From the line below that contains "Wallpaper Robot Weapon" to the line that contains "Thom Browne Mokassins", repeat every line exactly, both ends included, and nothing else.
_ _ _ _ _
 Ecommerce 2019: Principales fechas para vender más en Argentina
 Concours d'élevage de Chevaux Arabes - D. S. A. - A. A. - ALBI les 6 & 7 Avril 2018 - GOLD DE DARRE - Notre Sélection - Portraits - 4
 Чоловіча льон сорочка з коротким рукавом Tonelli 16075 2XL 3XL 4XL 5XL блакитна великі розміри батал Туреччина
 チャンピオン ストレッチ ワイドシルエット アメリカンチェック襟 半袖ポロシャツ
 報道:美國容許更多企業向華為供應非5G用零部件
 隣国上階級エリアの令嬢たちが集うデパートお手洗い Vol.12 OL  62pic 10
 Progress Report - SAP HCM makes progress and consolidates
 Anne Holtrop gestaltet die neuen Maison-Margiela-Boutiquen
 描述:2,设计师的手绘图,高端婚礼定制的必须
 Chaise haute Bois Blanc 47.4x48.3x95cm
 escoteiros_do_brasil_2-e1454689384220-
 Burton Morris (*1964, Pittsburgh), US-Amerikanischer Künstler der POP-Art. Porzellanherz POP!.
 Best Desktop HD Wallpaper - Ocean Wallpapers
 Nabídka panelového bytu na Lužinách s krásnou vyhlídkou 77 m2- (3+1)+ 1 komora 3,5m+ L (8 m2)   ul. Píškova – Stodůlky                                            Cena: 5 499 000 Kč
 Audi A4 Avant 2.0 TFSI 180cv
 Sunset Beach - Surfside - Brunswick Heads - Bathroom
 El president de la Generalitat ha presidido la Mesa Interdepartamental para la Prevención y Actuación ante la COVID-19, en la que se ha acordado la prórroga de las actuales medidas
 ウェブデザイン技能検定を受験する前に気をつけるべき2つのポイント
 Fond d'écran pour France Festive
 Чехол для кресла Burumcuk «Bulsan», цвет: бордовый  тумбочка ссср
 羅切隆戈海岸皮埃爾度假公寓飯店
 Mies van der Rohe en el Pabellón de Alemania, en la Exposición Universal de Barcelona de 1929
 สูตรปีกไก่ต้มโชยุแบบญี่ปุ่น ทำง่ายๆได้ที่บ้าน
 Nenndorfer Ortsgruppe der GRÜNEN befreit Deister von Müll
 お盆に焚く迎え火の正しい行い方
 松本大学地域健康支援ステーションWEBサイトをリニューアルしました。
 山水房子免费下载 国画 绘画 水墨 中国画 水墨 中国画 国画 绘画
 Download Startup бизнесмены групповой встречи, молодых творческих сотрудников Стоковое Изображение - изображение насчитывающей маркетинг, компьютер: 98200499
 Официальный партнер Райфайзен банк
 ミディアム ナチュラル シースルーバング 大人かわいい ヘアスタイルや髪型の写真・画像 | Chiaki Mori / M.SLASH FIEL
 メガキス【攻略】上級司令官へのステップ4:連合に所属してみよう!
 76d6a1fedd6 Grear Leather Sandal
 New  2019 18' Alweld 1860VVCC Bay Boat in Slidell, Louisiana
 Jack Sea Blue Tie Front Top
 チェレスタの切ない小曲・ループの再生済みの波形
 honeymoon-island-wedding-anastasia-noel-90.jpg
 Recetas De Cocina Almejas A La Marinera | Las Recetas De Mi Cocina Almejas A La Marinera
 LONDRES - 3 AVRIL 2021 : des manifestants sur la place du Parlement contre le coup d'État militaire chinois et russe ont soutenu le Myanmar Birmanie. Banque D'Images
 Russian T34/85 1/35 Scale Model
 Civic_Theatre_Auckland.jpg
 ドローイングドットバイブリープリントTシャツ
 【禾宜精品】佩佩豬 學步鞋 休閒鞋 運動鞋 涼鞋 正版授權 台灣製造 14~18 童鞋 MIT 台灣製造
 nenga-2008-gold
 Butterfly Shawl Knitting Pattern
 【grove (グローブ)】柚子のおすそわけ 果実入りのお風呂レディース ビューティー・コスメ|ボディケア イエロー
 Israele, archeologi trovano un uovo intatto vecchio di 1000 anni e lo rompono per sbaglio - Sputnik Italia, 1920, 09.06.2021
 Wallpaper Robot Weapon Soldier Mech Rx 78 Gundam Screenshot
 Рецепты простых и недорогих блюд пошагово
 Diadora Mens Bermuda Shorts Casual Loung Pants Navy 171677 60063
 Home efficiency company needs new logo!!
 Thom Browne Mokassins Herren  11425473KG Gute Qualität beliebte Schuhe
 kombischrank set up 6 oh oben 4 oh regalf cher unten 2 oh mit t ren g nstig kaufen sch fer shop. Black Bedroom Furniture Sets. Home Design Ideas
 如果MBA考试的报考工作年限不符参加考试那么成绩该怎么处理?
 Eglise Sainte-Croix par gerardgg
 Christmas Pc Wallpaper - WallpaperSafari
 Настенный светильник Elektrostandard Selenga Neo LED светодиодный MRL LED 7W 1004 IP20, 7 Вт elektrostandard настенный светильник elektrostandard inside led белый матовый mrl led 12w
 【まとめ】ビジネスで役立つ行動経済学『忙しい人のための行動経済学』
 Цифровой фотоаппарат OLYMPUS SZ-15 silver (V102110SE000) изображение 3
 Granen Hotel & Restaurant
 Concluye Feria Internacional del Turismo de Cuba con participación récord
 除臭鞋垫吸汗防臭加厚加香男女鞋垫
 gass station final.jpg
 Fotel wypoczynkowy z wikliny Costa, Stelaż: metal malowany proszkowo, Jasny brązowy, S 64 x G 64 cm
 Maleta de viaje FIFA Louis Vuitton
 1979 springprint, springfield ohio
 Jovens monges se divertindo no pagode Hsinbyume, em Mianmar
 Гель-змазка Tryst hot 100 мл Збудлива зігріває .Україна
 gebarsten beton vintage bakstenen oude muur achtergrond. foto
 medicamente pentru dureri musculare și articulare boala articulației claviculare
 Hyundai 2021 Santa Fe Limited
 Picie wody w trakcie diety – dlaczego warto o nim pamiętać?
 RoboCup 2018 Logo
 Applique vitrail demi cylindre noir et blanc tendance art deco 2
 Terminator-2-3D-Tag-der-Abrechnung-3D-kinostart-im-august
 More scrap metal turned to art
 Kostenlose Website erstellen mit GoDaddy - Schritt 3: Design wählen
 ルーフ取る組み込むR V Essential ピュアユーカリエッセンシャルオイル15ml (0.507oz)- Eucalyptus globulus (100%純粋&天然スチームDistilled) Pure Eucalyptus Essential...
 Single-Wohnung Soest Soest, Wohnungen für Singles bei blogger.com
_ _ _ _ _
Result below:
 Wallpaper Robot Weapon Soldier Mech Rx 78 Gundam Screenshot
 Рецепты простых и недорогих блюд пошагово
 Diadora Mens Bermuda Shorts Casual Loung Pants Navy 171677 60063
 Home efficiency company needs new logo!!
 Thom Browne Mokassins Herren  11425473KG Gute Qualität beliebte Schuhe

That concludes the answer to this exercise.